Your assignment:
Scan the records below and report how many lines include the string "Nike"; the number alone will do.

►

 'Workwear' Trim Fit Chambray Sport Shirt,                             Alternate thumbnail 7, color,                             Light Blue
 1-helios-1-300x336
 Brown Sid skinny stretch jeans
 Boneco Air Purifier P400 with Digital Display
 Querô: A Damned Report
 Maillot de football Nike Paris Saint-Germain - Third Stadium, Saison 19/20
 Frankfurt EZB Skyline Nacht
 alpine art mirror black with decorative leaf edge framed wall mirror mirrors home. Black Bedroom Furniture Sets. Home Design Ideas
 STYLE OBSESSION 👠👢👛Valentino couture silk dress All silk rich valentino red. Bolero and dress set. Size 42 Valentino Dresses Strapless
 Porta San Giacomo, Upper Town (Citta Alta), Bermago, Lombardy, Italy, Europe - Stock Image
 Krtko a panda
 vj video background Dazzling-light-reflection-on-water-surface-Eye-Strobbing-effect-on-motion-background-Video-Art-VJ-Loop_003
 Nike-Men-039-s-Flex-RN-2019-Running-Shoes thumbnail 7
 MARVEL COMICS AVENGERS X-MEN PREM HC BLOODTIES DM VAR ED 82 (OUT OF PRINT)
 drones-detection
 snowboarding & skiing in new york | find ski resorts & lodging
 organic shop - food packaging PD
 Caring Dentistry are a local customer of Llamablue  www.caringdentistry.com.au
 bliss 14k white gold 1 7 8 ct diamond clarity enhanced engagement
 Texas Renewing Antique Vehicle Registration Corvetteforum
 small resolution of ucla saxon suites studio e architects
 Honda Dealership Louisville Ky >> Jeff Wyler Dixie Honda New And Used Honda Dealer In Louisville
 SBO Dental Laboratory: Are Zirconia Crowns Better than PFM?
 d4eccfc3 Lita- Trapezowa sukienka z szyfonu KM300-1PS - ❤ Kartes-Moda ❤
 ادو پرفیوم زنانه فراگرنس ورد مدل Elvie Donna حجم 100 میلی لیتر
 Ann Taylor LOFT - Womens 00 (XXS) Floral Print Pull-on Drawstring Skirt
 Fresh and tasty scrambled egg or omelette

◄

Exercise output:
2